Get an API Key#

You need to generate an API key to access NVIDIA NIM Microservices from the NVIDIA RAG Blueprint. You need an API key to access models hosted in the NVIDIA API Catalog, and to download models on-premises. For more information, refer to NGC API Keys.

To generate an API key, use the following procedure.

Go to https://org.ngc.nvidia.com/setup/api-keys.
Click Generate Personal Key.
Enter a Key Name.
For Expiration, choose Never Expire.
For Services Included, select NGC Catalog and Public API Endpoints.
Click Generate Personal Key.
Copy your key and save it somewhere safe and private.
(Important) Export your key as an environment variable by using the following code.
```
export NGC_API_KEY="<your-ngc-api-key>"
```

API Key Expiration#

If your API key expires, do one of the following:

Create a new key by using the previous procedure, and then delete the expired key.
Use the Action menu to Rotate your key.

You must update the new key information in your environment variables and code.

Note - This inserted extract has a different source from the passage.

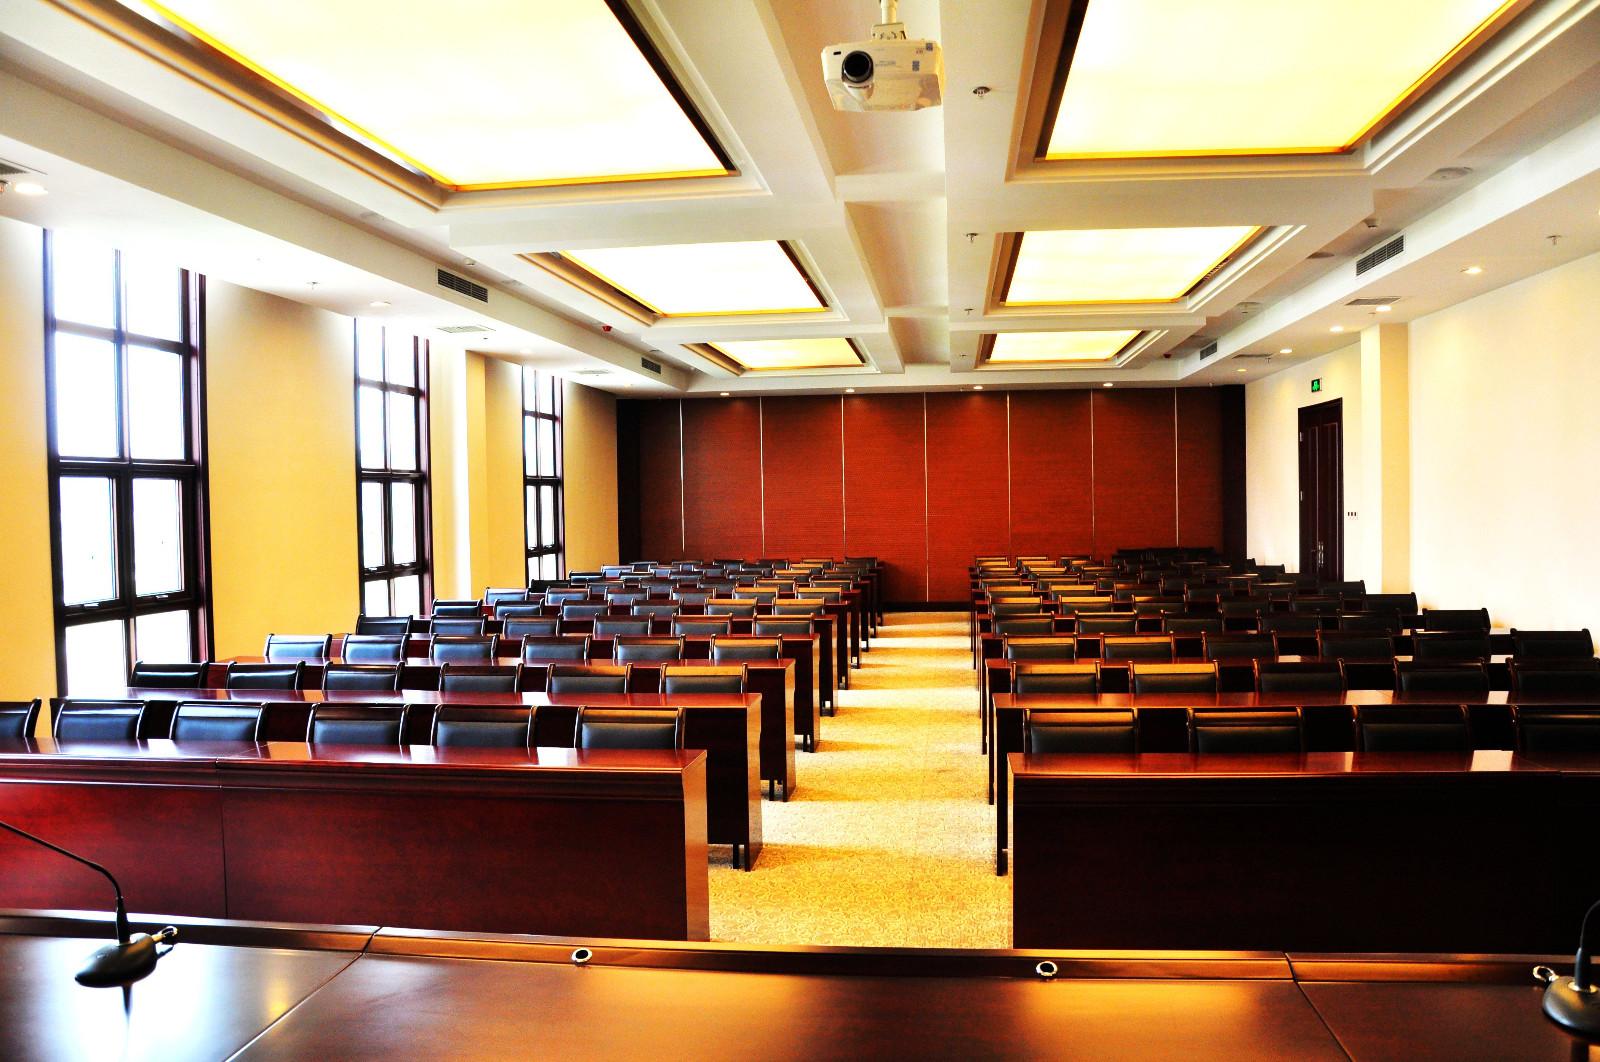 3, 长方型: 摆台样式:会议室内桌子呈长方形中空摆放,前后不留缺口图片

Service-Specific API Keys#

The RAG Blueprint supports service-specific API keys to provide fine-grained control over API access for different components. This enables separate billing accounts, different rate limits, security segregation, usage tracking per service, or mixed cloud/on-premises deployments.

How It Works#

Service-specific API keys override global NVIDIA_API_KEY or NGC_API_KEY. The system uses the following fallback order to determine which API key to use:

service-specific key → NVIDIA_API_KEY → NGC_API_KEY → None

For example, if you set APP_LLM_APIKEY, the LLM service will use that key instead of the global NVIDIA_API_KEY.

Supported Service Keys#

Service Key	Purpose	Used By
`APP_LLM_APIKEY`	Main language model for RAG responses	RAG Server (generate endpoint)
`APP_EMBEDDINGS_APIKEY`	Text embedding generation	Ingestor Server, RAG Server (search)
`APP_RANKING_APIKEY`	Document reranking	RAG Server (reranker)
`APP_QUERYREWRITER_APIKEY`	Query rewriting and optimization	RAG Server (query decomposition)
`APP_FILTEREXPRESSIONGENERATOR_APIKEY`	Metadata filter generation from natural language	RAG Server (search with filters)
`APP_VLM_APIKEY`	Vision-Language Model for image understanding	RAG Server (multimodal queries)
`SUMMARY_LLM_APIKEY`	Document summarization	Ingestor Server (summary generation)
`REFLECTION_LLM_APIKEY`	Self-reflection and answer validation	RAG Server (reflection mode)

Library Mode (Python Package)#

Configure in config.yaml.

llm:
  api_key: "your-llm-api-key"  # Optional: overrides NVIDIA_API_KEY
embeddings:
  api_key: "your-embeddings-api-key"  # Optional: overrides NVIDIA_API_KEY

Docker Compose#

export APP_LLM_APIKEY="your-llm-api-key"
export APP_EMBEDDINGS_APIKEY="your-embeddings-api-key"
# Additional service-specific keys can be set as needed

Note: For security reasons, API keys must be configured (via NvidiaRAGConfig object or environment variables) before initialization and cannot be passed as runtime parameters in API requests, unlike model names and endpoints which can be overridden at runtime.

Helm#

Use --set flags to pass API keys securely via command line:

helm upgrade --install rag -n rag <chart-path-or-url> \
  --set imagePullSecret.password=$NGC_API_KEY \
  --set ngcApiSecret.password=$NGC_API_KEY \
  --set apiKeysSecret.llmApiKey=$APP_LLM_APIKEY \
  --set apiKeysSecret.embeddingsApiKey=$APP_EMBEDDINGS_APIKEY

Additional service-specific keys can be configured as needed: rankingApiKey, queryRewriterApiKey, filterExpressionGeneratorApiKey, vlmApiKey, summaryLlmApiKey, reflectionLlmApiKey.